My brother has been a huge influence on my musical taste. He used to be a full time DJ and music producer and still writes tunes along side his “proper” job (he eventually got one, whereas I didn’t!).

So anything from techno to Oasis, to swing music (Frank Sinatra is one of my idols) and whatever else in between. I’ll kind of listen to anything!

Thank you for your time this afternoon Alastair, it has been a pleasure to interview you!

Bio: Alastair trained at the Manchester School of Theatre and continues in further training with the Impulse Theatre Company.He is best known for his role as Lee Banks in the BBC’s hit drama, Line of Duty.

Other television credits include: Casualty, Hollyoaks, Coronation Street, Machines That Built American, Basil Brush and The Marchioness Disaster.

Theatre credits include: The Merchant of Venice (Stafford Shakespeare Festival), Standing At The Sky’s Edge (Crucible Theatre), Our Boys (Edinburgh Fringe 2018), Women on the Verge of a Nervous Breakdown (Playhouse, West End), Strangers on a Train (Gielgud Theatre), Shrek the Musical (Theatre Royal, Drury Lane), The Go-Between (Trafalgar Studios).
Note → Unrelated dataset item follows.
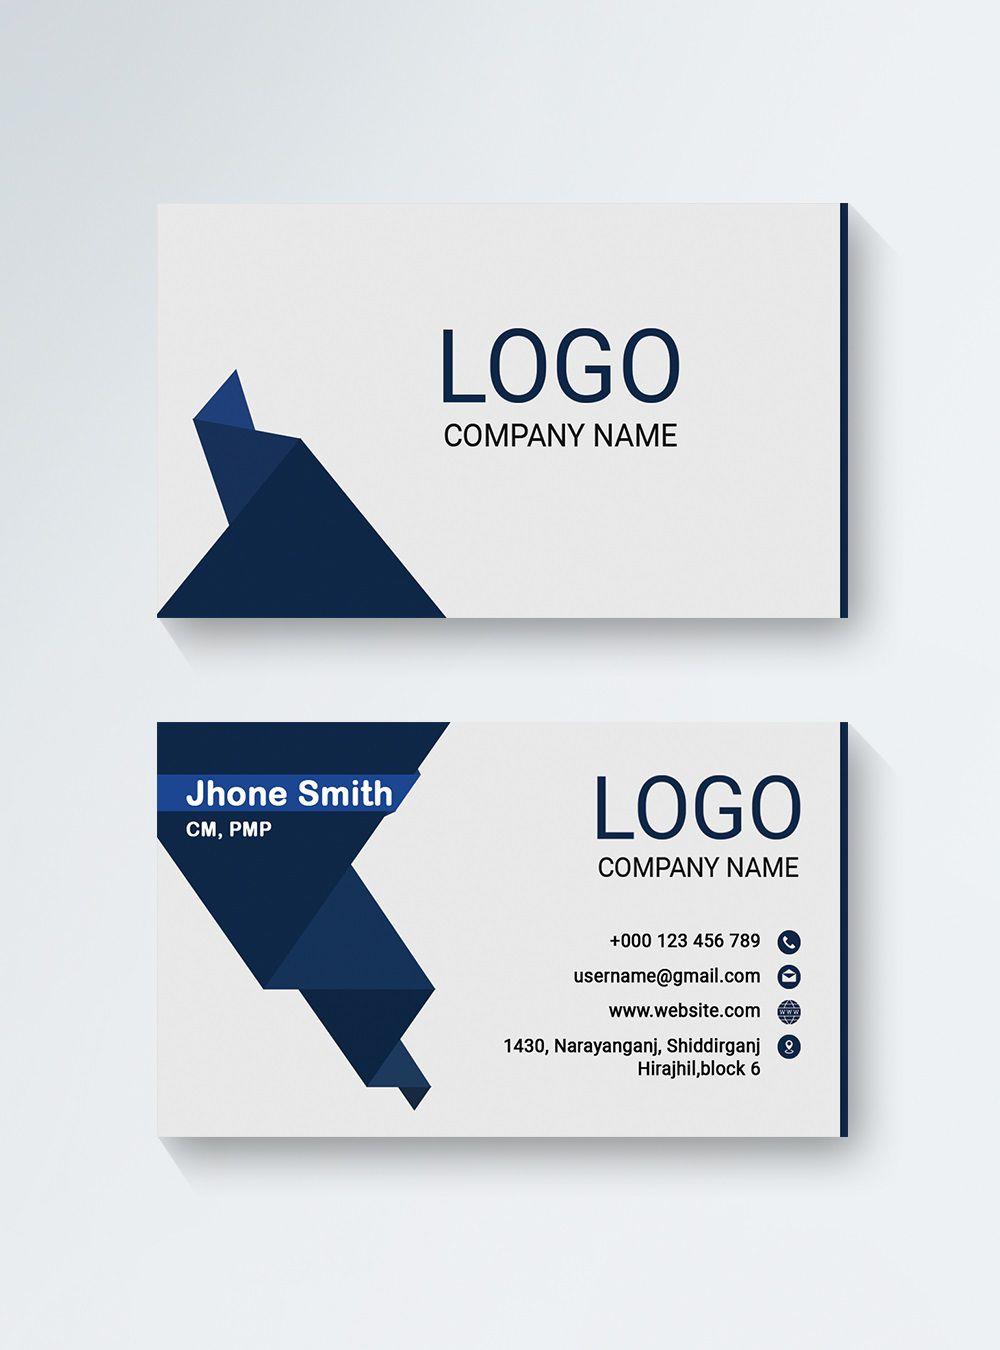 003 Wondrou Minimal Busines Card Template Free Download Sample  Simple Design CoreldrawFull
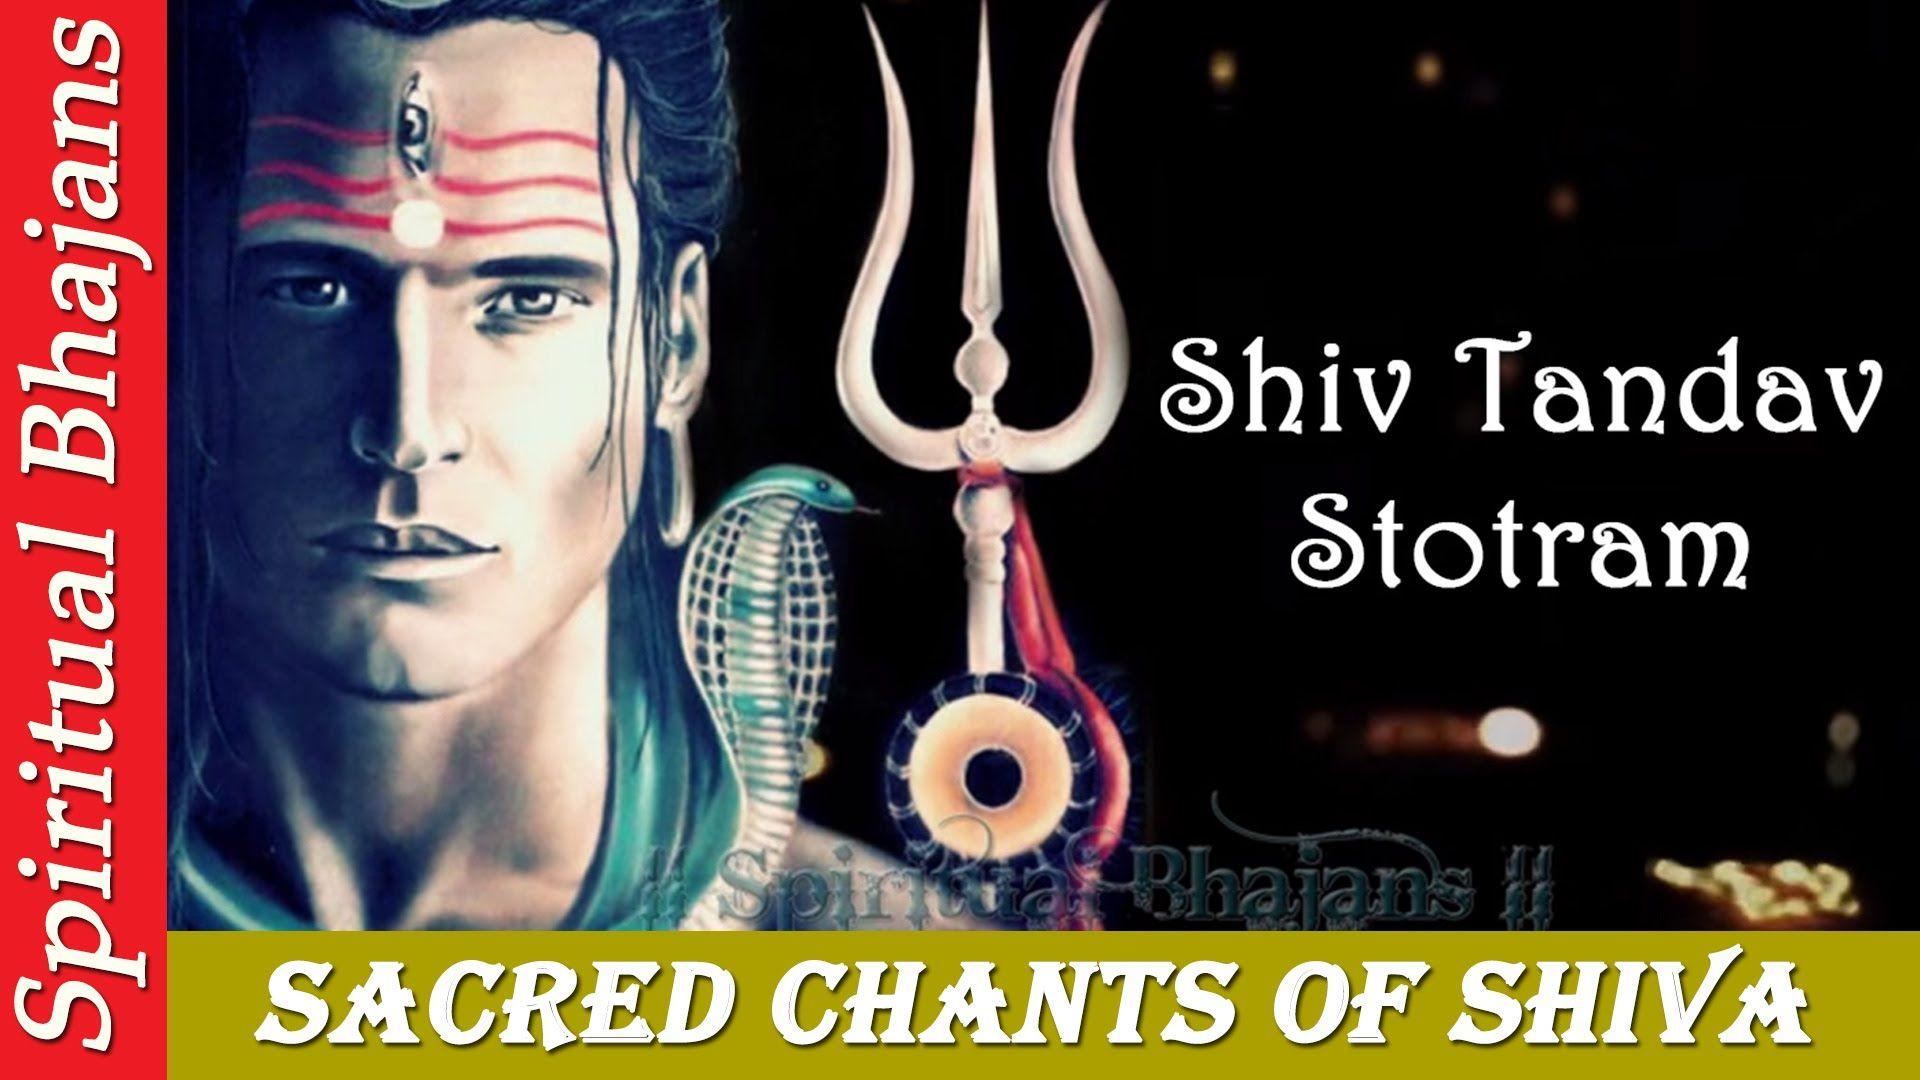 Shiva Tandava Stotram Sacred Chants Of Shiva Shiv Tandav Stotram Shiv Mantra Peaceful Shiv Tandav Sacred Shiva

After the Blue (Jermyn St Theatre), Muswell Hill (White Bear – nominated for Best Actor, 2014 Off West End Awards), Laughter in the Rain – The Neil Sedaka Story (UK No.1 Tour), What Every Woman Knows (Manchester Royal Exchange), The Importance of Being Earnest (Baron’s Court Theatre), Dangerous Corner (Landor Theatre).

Films include: Mad To Be Normal (Gizmo Films), The Innocent (White Jacket Productions), Make Aliens Dance(Annex Films), and Two Sides (Mixing Networks Productions).

Alastair also works regularly as a voice over artist, including recording a number of episodes of Silver Street – a radio soap opera for the BBC, and as a singer, which has led to him performing in prestigious venues all over the UK and Europe.